Generate text from video

The Generate API suite generates texts based on your videos. Unlike conventional models limited to unimodal interpretations that, for example, summarize videos relying solely on transcriptions, the Generate API suite uses a multimodal approach that analyzes the whole context of a video, including visuals, sounds, spoken words, and texts and their relationship with one another. This method ensures a holistic understanding of your videos, capturing nuances that an unimodal interpretation might miss. Consequently, utilizing its video-to-text generative capabilities, our model translates this understanding into your desired textual representation.

The Generate API suite has diverse applications across various sectors:

  • E-learning platforms:
    • Content structuring: Automatically transform lengthy educational videos into well-structured chapters, making navigating and reviewing specific clips easier for students.
    • Course summaries: Generate concise summaries of lectures, helping students quickly recall key points without rewatching entire videos.
  • Content creators and marketers:
    • SEO optimization: Suggest SEO-friendly tags for your videos, improving discoverability on search engines like Google or Bing.
    • Social media amplification: Create engaging headlines and descriptions for your videos, increasing reach and engagement on platforms like YouTube, Instagram, and TikTok.
    • Content personalization: Efficiently generate personalized messages and call-to-actions tailored to varied user personas and geographic locations, expanding your video content's reach to a broader audience.
  • Media, sports, and broadcasting agencies:
    • Highlight creation: Automatically pinpoint and extract key moments or highlights from long broadcasts, ideal for news segments, sports events, or entertainment shows.
    • Archival and cataloging: Classify and tag vast video archives through segmentation, making locating and repurposing content easier.
  • Enterprise knowledge management:
    • Customer or employee meetings: Quickly summarize essential information such as key actions, the list of attendees, and other main points from an event and repurpose video content to other formats such as emails, reports, meeting minutes, etc.
    • Internal training videos: Organize internal training materials into chapters and summaries. Additionally, integrating with the Search API enables employees to discover content effortlessly.
  • Retail and manufacturing:
    • On-site, in-store management: Enable store managers to generate reports and extract insights about key activities directly from video footage, eliminating the need to review CCTV recordings manually.
  • Security and law enforcement:
    • Incident and police reports: Identify and summarize key events and their start and end times from Body-Worn Camera (BWC) footage to pinpoint unusual scenes and expedite report generation.

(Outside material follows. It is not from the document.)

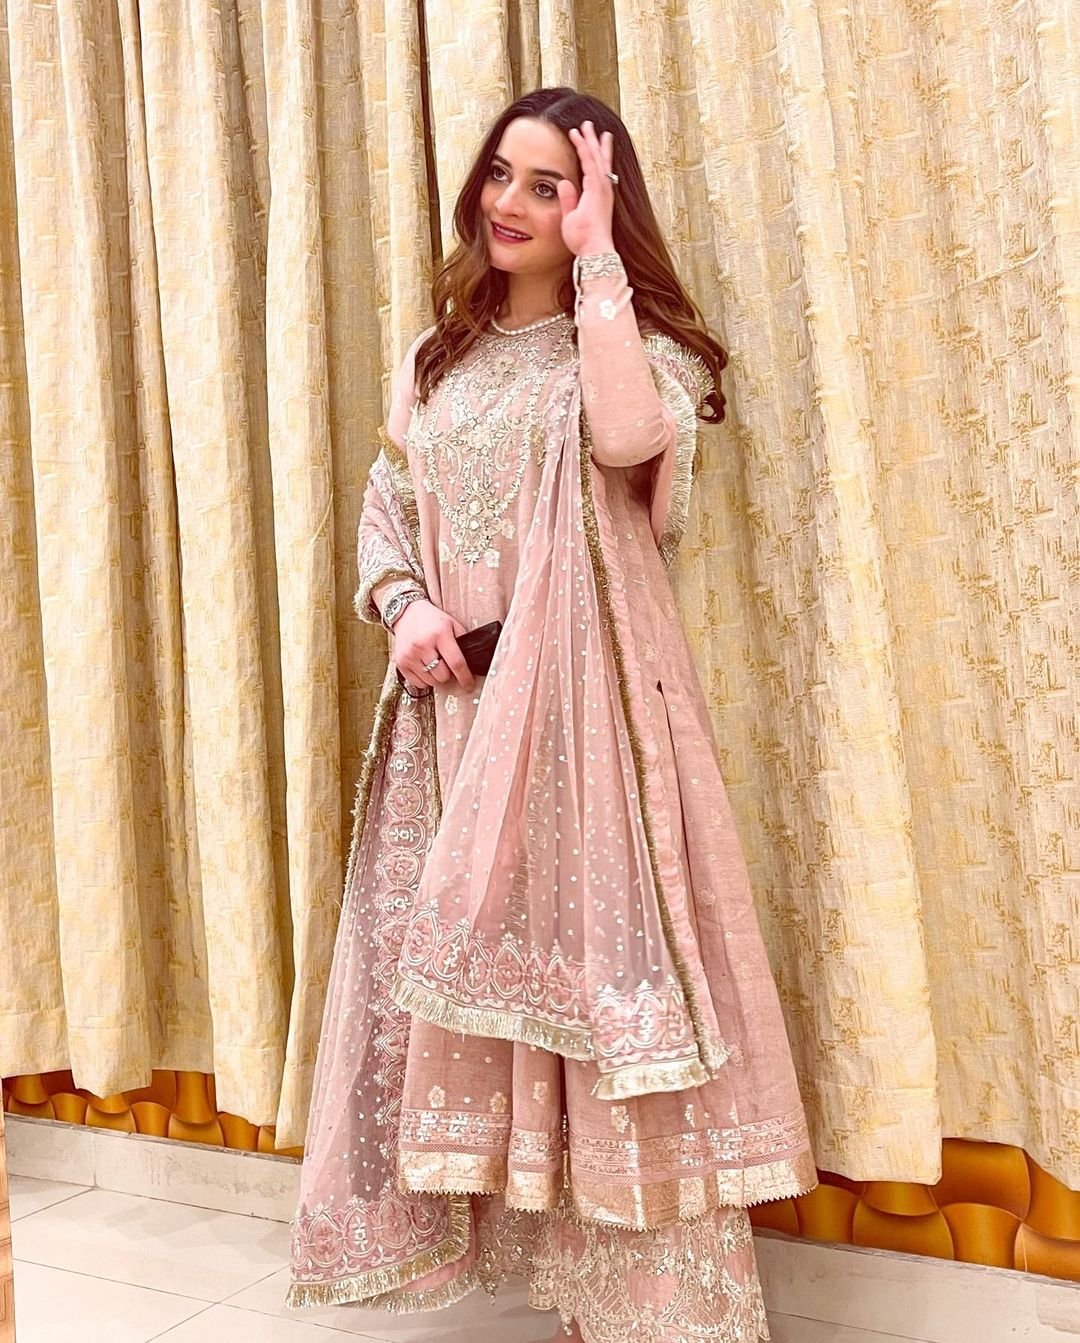 Aiman Khan is all set for wedding season

The Generate API suite offers three distinct endpoints tailored to meet various requirements. Each endpoint has been designed with specific levels of flexibility and customization to accommodate different needs.

The /gist endpoint

  • Function: Generates topics, titles, and hashtags.
  • Customization: Uses predefined formats.
  • Prompt : No.
  • Best use: To generate an immediate and straightforward text representation without specific customization.

The /summarize endpoint

  • Function: Generates summaries, chapters, and highlights.
  • Customization: Operates primarily on predefined formats, similar to /gist. However, you can provide a custom prompt that guides the model on how to generate the output.
  • Prompt: Optional. While you can invoke this endpoint without a prompt, providing one allows for tailored outputs.
  • Best use: To balance the efficiency of predefined formats and bespoke customization abilities.

The /generate endpoint

  • Function: Generates open-ended texts from videos.
  • Customization: Relies solely on user-defined prompts, ensuring maximum flexibility.
  • Prompt: Required. You must provide clear instructions to guide the model.
  • Best use: Ideal for advanced users with specific output requirements beyond the predefined formats.

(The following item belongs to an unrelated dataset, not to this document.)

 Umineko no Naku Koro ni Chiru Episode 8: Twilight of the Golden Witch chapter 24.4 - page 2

  • Your prompts can be instructive or descriptive, or you can also phrase them as questions.
  • The platform generates text according to the engine options enabled for your index, which determine the types of information the video understanding engine processes.
    • If both the visual and conversation engine options are enabled, the platform generates text based on both visual and conversational information.
    • If only the visual option is enabled, the platform generates text based only on visual information.
  • The maximum length of a prompt is 1500 characters.